Parameter#

Execute evalscope perf --help to get a full parameter description.

Basic Settings#

Parameter

Type

Description

Default

--model

str

Name or path of the test model

-

--url

str

API address, supporting /chat/completion and /completion endpoints

-

--name

str

Name for wandb/swanlab database result and result database

{model_name}_{current_time}

--api

str

Service API type
openai: OpenAI-compatible API (requires --url)
openai_embedding: OpenAI-compatible Embedding API
openai_rerank: OpenAI/Cohere-compatible Rerank API
local: Start local transformers inference
local_vllm: Start local vLLM inference service
• Custom: See Custom API Guide

-

--port

int

Port for local inference service
Only applicable to local and local_vllm

8877

--attn-implementation

str

Attention implementation method
Only effective when api=local

None
(Optional: flash_attention_2, eager, sdpa)

--api-key

str

API key

None

--debug

bool

Whether to output debug information

False

Network Configuration#

Parameter

Type

Description

Default

--total-timeout

int

Total timeout for each request (seconds)

21600 (6 hours)

--connect-timeout

int

Network connection timeout (seconds)

None

--read-timeout

int

Network read timeout (seconds)

None

--headers

str

Additional HTTP headers
Format: key1=value1 key2=value2
Will be used for each query

-

--no-test-connection

bool

Do not send connection test, start stress test directly

False

Request Control#

Parameter

Type

Description

Default

--parallel

list[int]

Number of concurrent requests
Can input multiple values separated by spaces

1

--number

list[int]

Total number of requests to be sent
Can input multiple values (must correspond one-to-one with parallel)

1000

--rate

float

Request generation rate (requests/second)
-1: No rate limit; all requests are generated immediately and placed in the queue
> 0: Requests are generated following a Poisson arrival model — the inter-arrival interval follows an exponential distribution with mean 1/rate, resulting in an average of rate requests per second

-1

--log-every-n-query

int

Log every N queries

10

--stream

bool

Whether to use SSE stream output
Must be enabled to measure TTFT (Time to First Token) metric

True

--sleep-interval

int

Sleep time between each performance test (seconds)
Helps avoid overloading the server

5

Tip

--rate and --parallel control two independent phases:

  • Generation phase (controlled by --rate): Requests are generated and placed into a queue at the specified rate.
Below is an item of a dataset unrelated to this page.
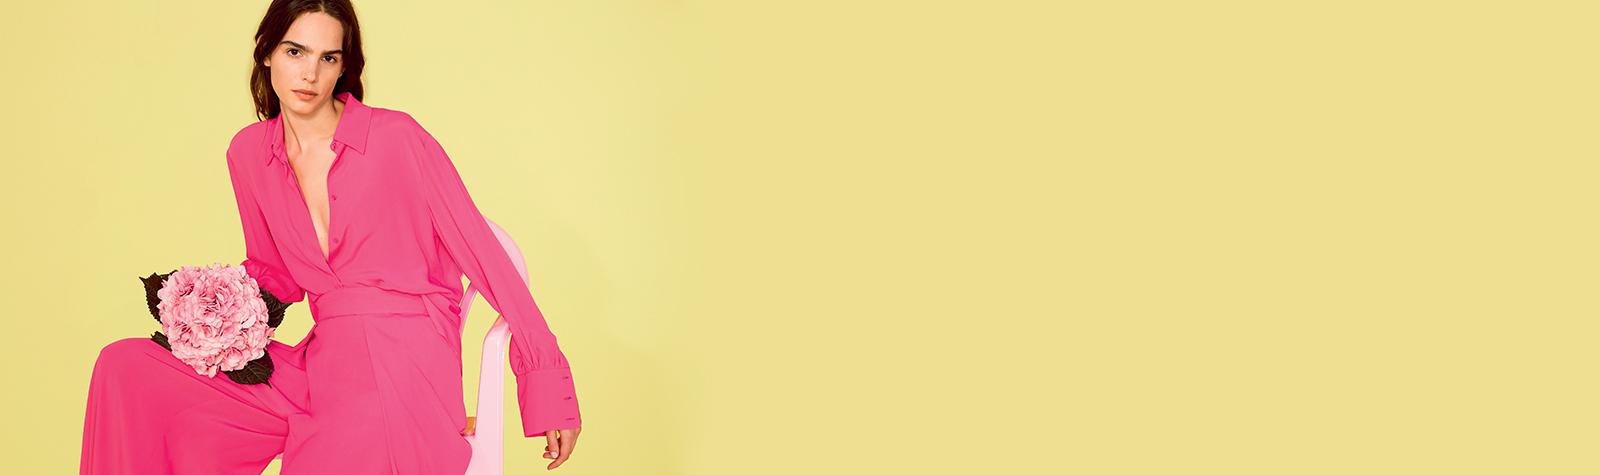 a1053f9594b1 Camicie da Donna Primavera Estate 2019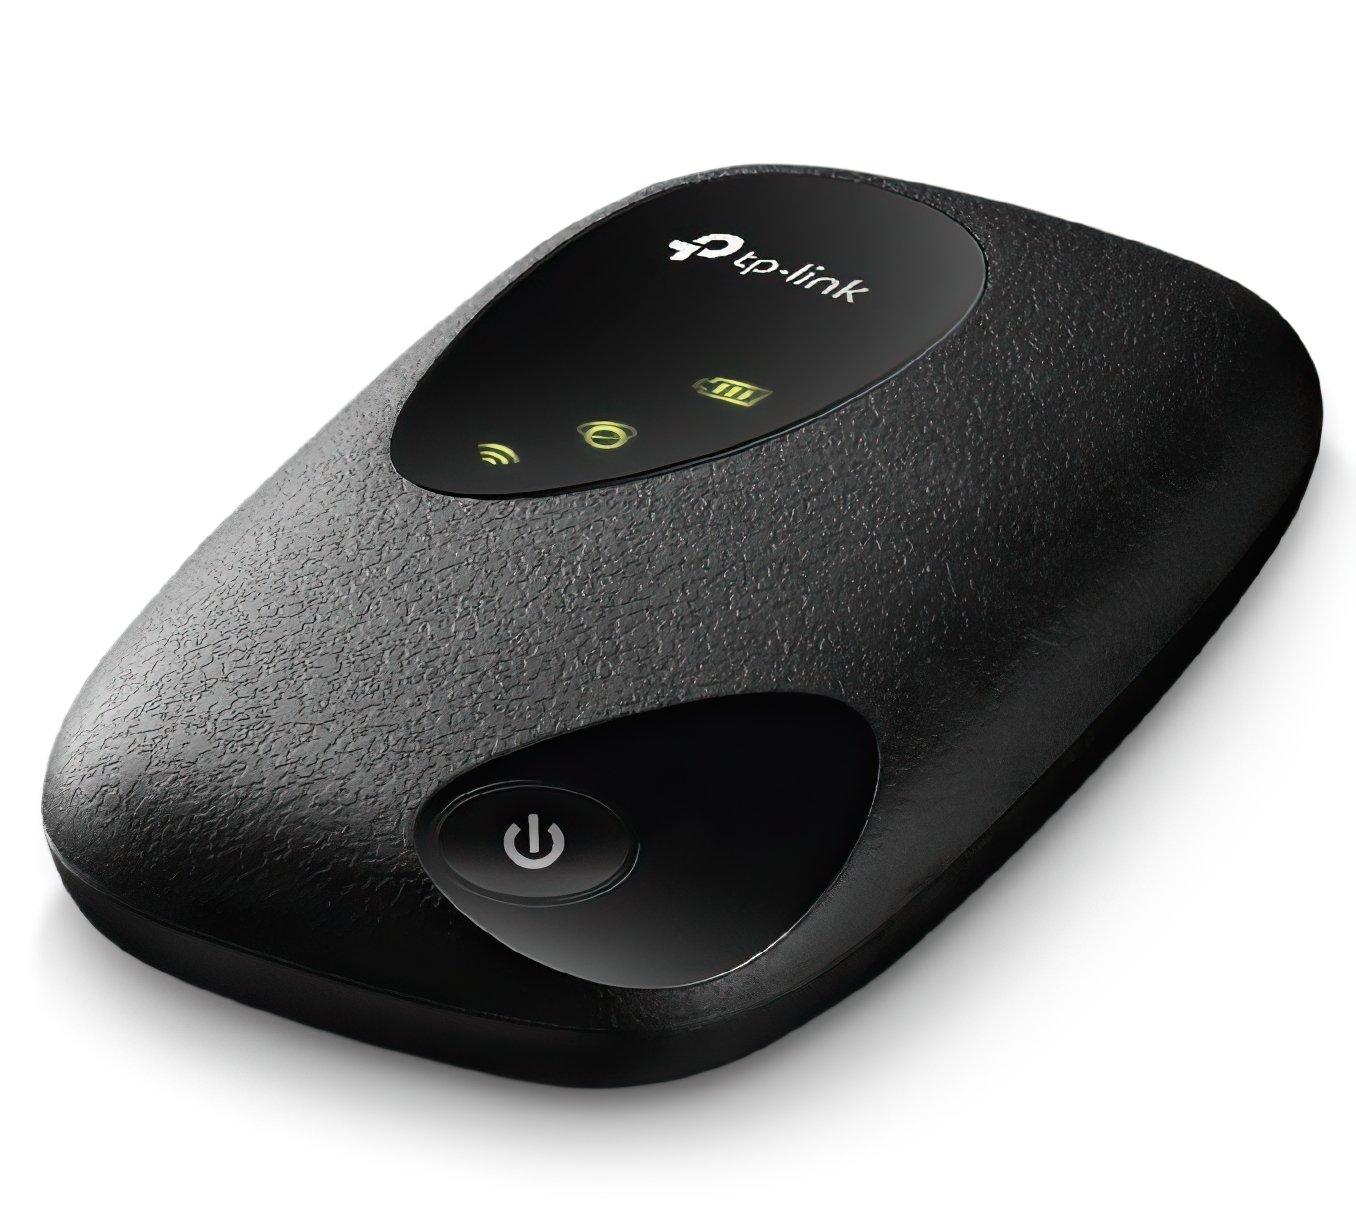 Роутер TP-Link M7200 LTE-Advanced Wi-Fi Black фото

    • rate=-1: No rate limit; all requests are enqueued immediately.

    • rate=R: Inter-arrival intervals follow an exponential distribution with mean 1/R seconds (Poisson arrival model), resulting in an average of R requests enqueued per second.

  • Sending phase (controlled by --parallel): At most parallel requests are in-flight simultaneously (sent but not yet responded to); each worker fetches the next request from the queue only after receiving a response to the previous one.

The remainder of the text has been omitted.